The reference cell problem occurs when two threads can read and write to the same location, and the value at the location depends on the order of the reads and writes.

Without a way to claim exclusive write access to shared resource, output correctness cannot be guranteed because instructions will be interleaved. So whenever reading/writing a shared resource, Mutual Exclusion should be handled.


Futures, delays, and promises are easy, lightweight tools for concurrent programming.

When you write serial code, you bind together these three events:

Task definition Task execution Requiring the task’s result

Part of learning concurrent programming is learning to identify when these chronological couplings aren’t necessary. Futures, delays, and promises allow you to separate task definition, task execution, and requiring the result.


futures defines a task and places it on another thread, without requiring the result immediately

The future function returns a reference value that you can use to request the result. You can use the reference value to request a future’s result, but if the future isn’t done computing the result, you’ll have to wait.

Requesting a future’s result is called dereferencing the future, and you do it with either the deref function or the @ reader macro.

A future’s result value is the value of the last expression evaluated in its body.

A future’s body executes only once, and its value gets cached.

When you dereference a future, you indicate that the result is required right now and that evaluation should stop until the result is obtained.
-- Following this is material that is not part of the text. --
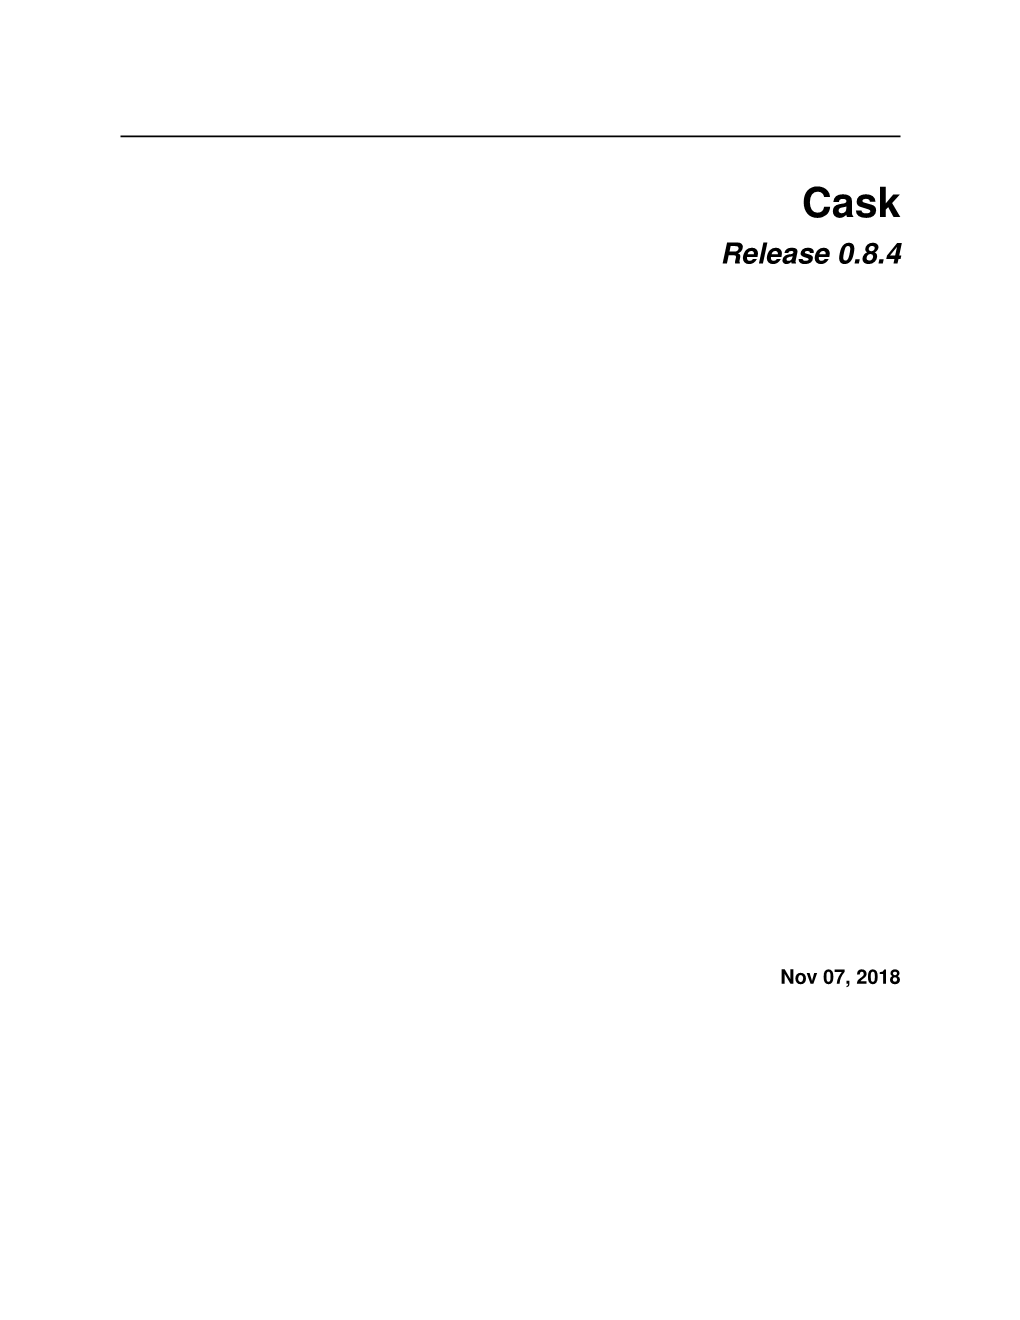 Cask Release 0.8.4
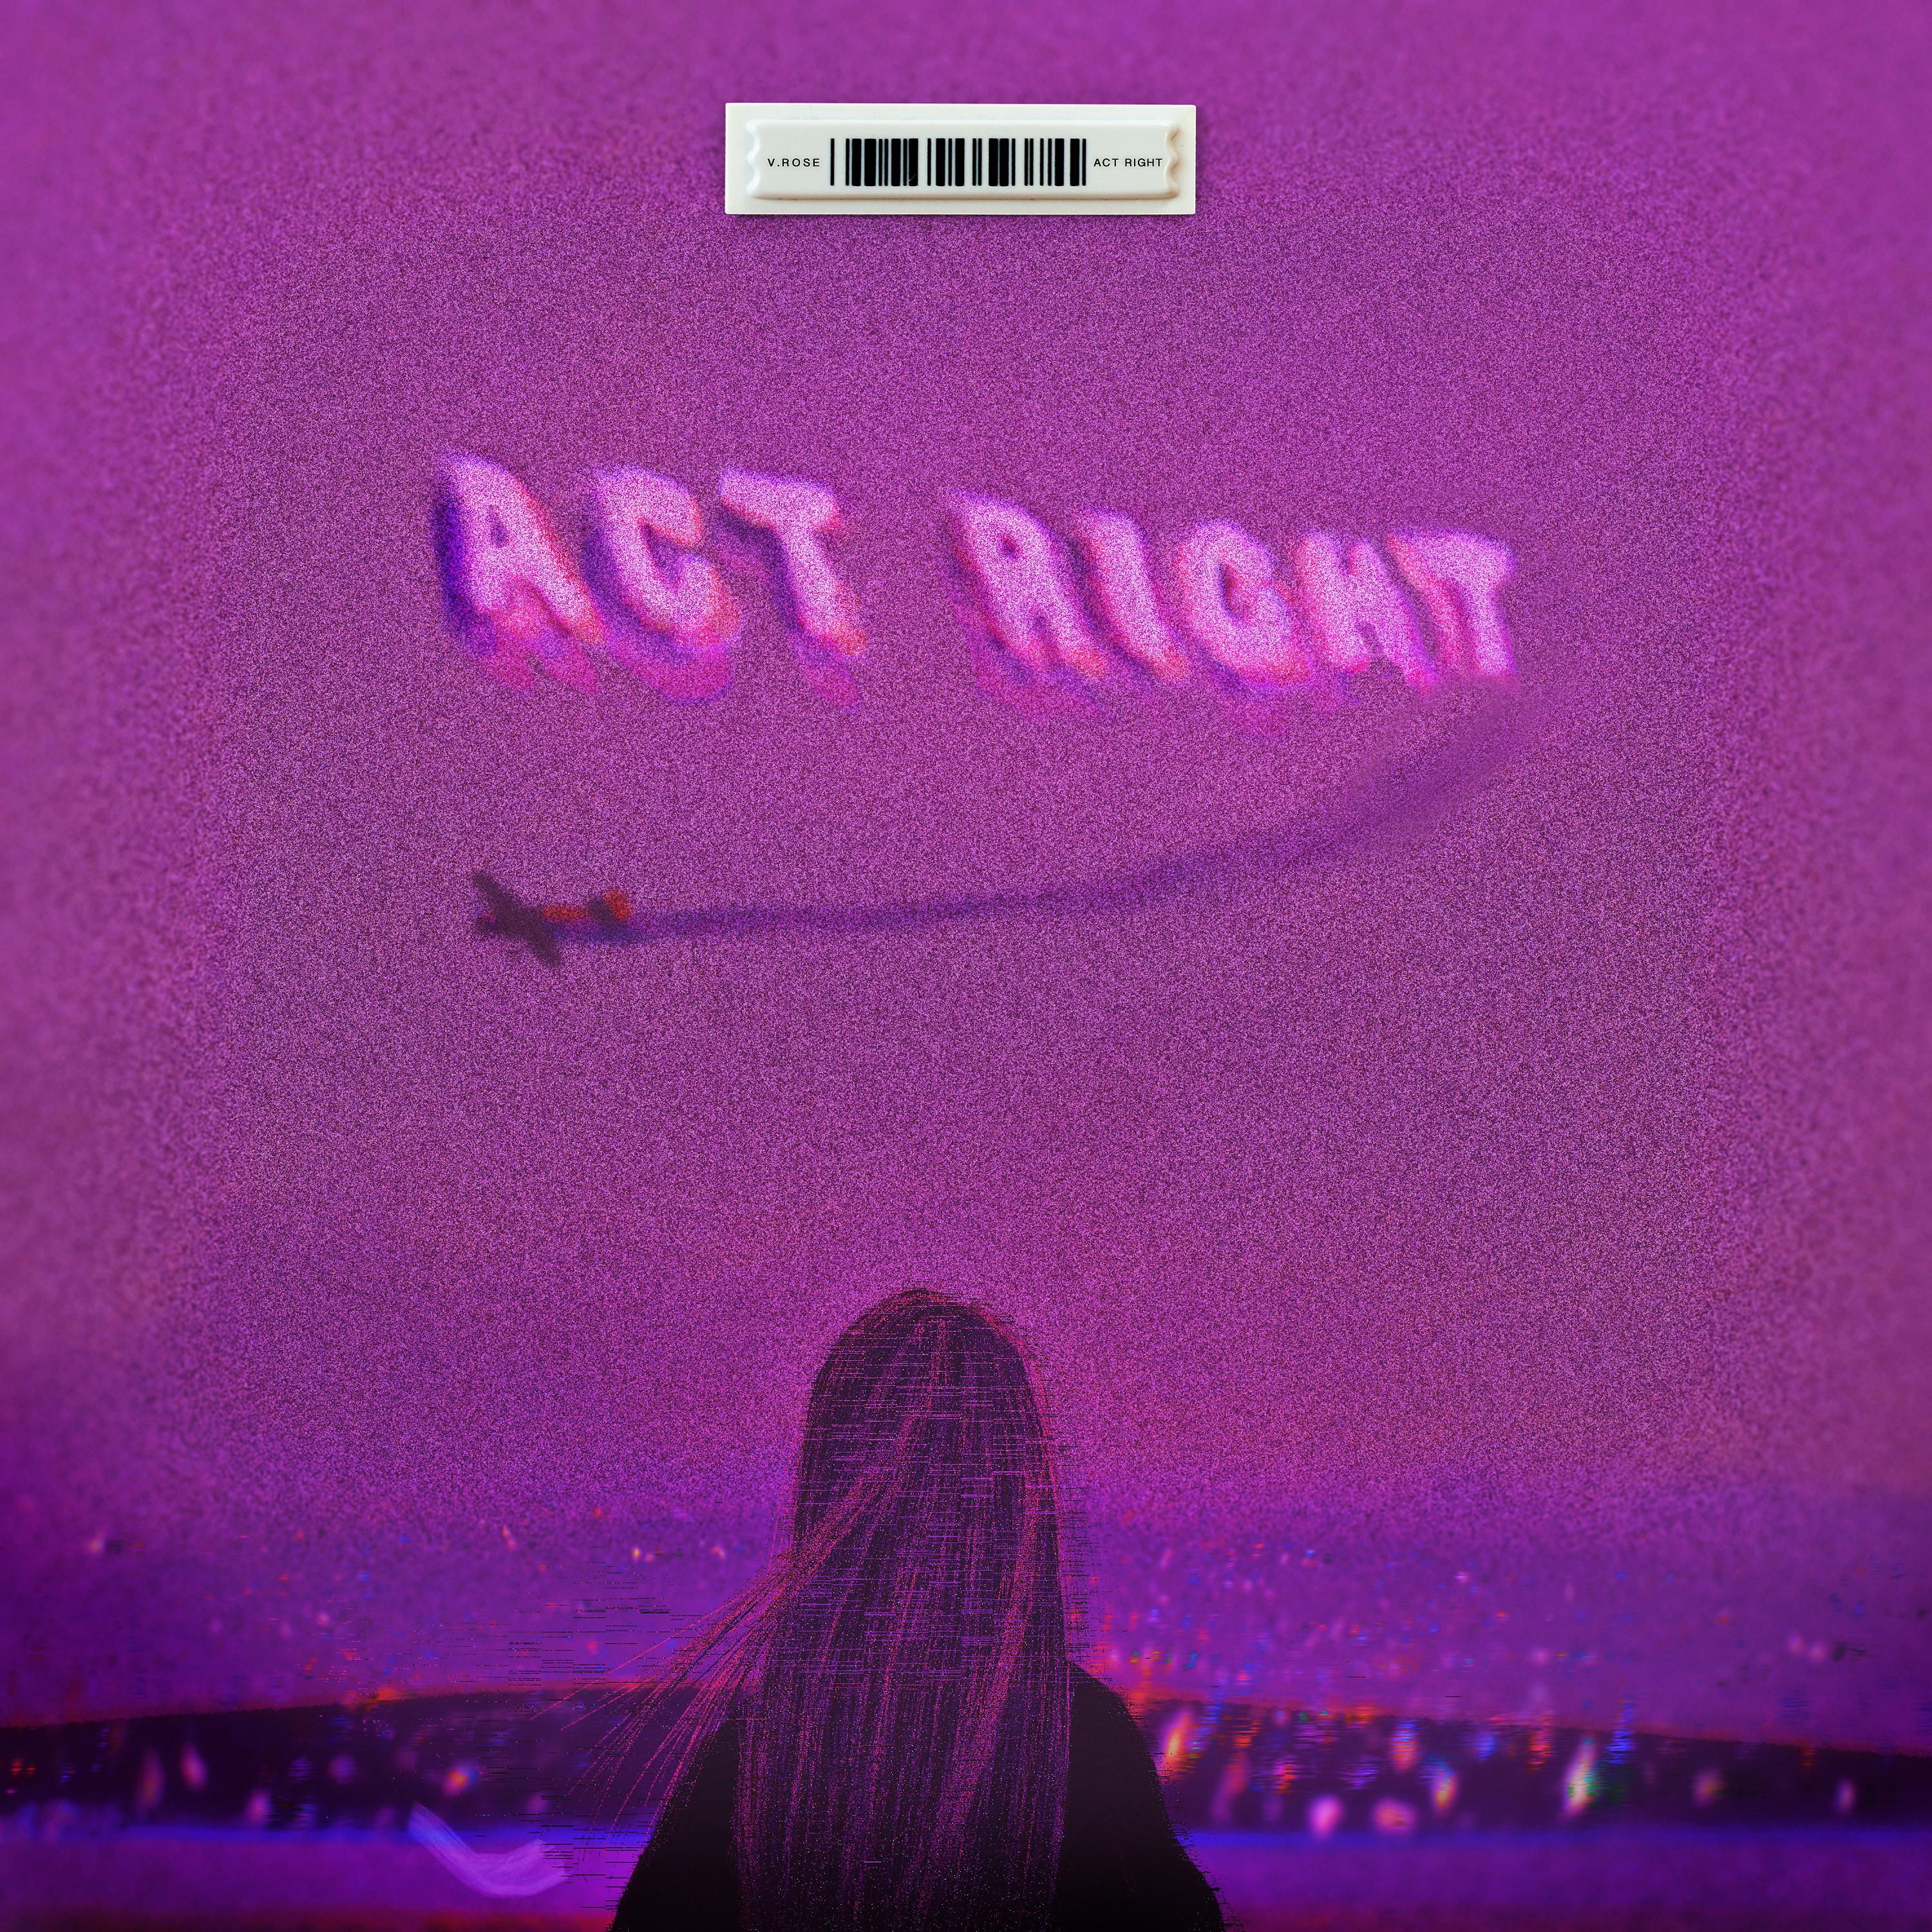 Постер альбома Act Right

Hence, dereferencing a future will block if the future hasn’t returned a value.


Delays allow you to define a task without having to execute it or require the result immediately.

You can evaluate the delay and get its result by dereferencing it or by using force.
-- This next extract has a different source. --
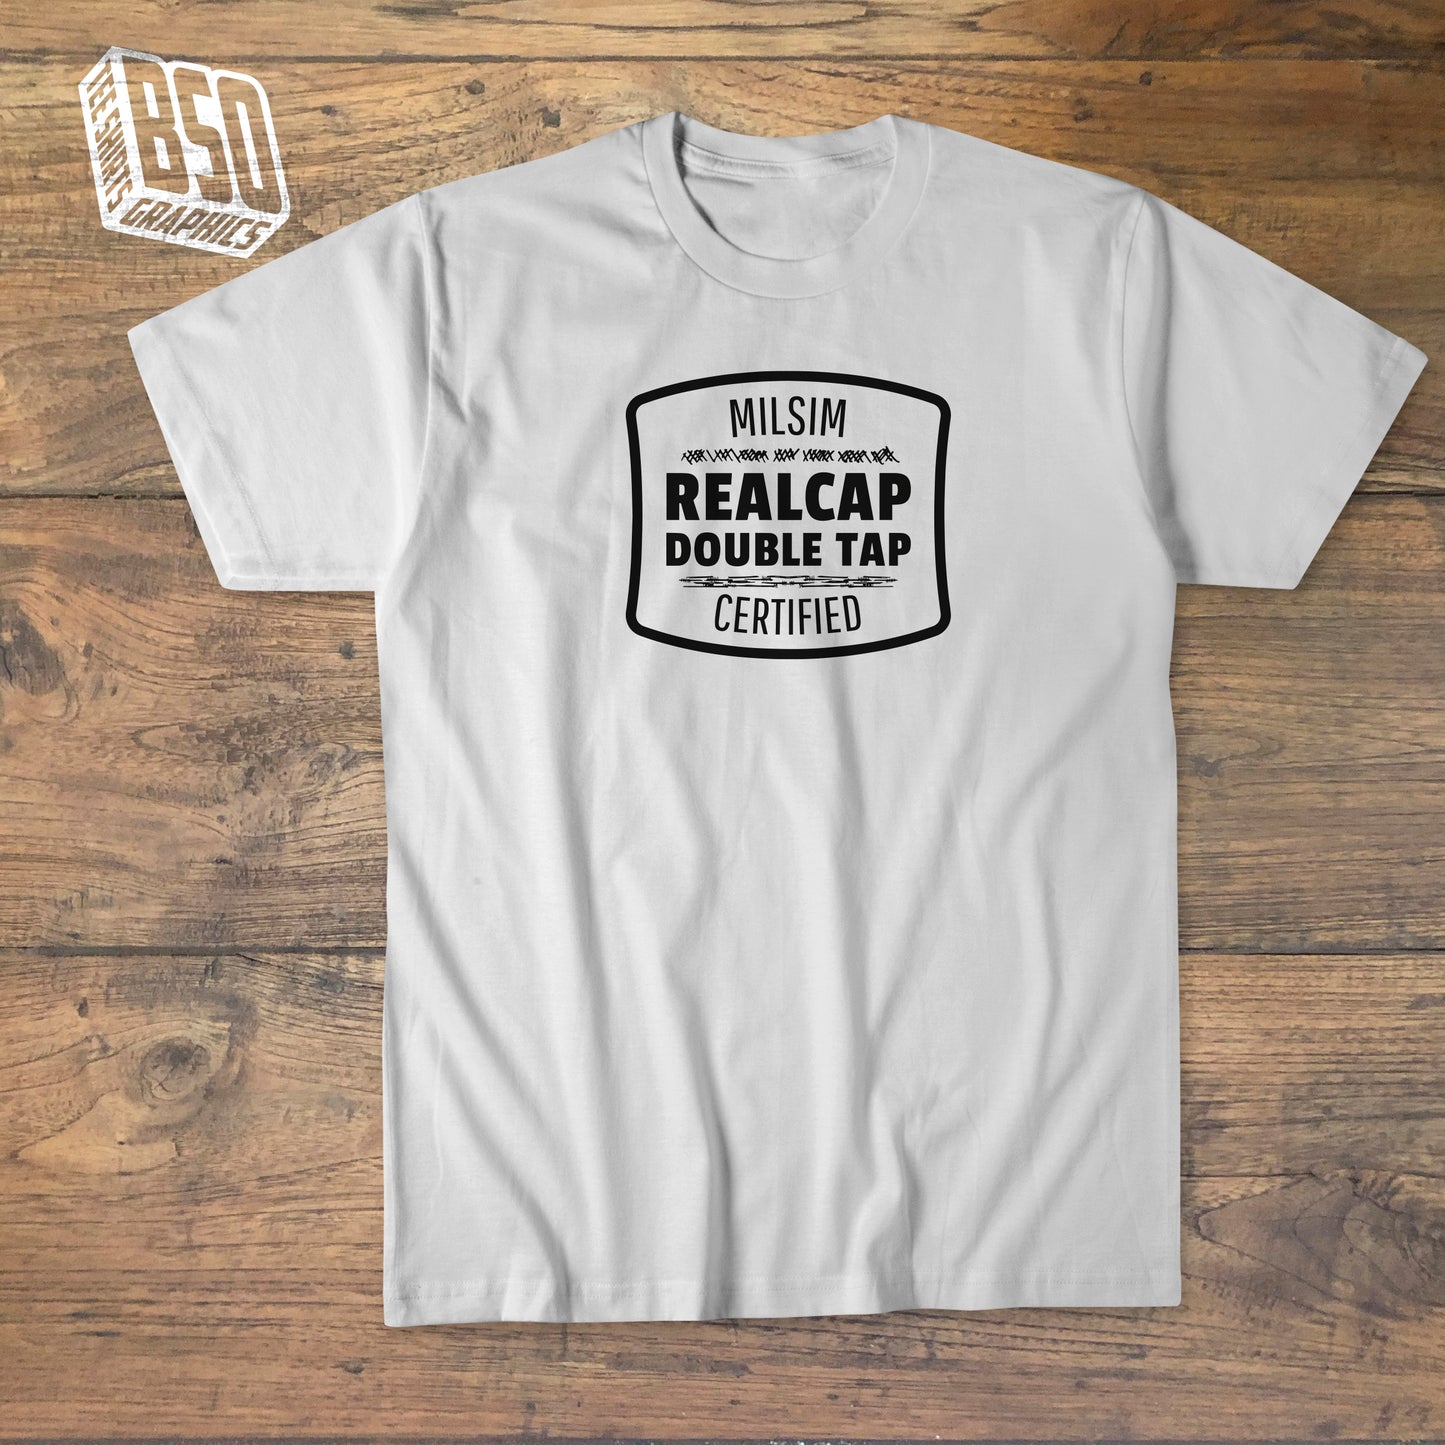 Tee-shirt MILSIM Certified "Realcap, Double Tap"

Like futures, a delay is run only once and its result is cached.


Promises allow you to express that you expect a result without having to define the task that should produce it or when that task should run.

You create promises using promise and deliver a result to them using deliver.

if dereference a promise without first delivering a value, the program would block until a promise was delivered, just like with futures and delays.

You can only deliver a result to a promise once.

One use for promises is to find the first satisfactory element in a collection of data.


For a concurrent program to function correctly, the tasks need to be split into a serial portion and a parallel portion.

Instead of running each task serially, the concurrent parts can run in parallel while coordinating the serial parts (the ones that access a shared resource) to execute in sequence/serially.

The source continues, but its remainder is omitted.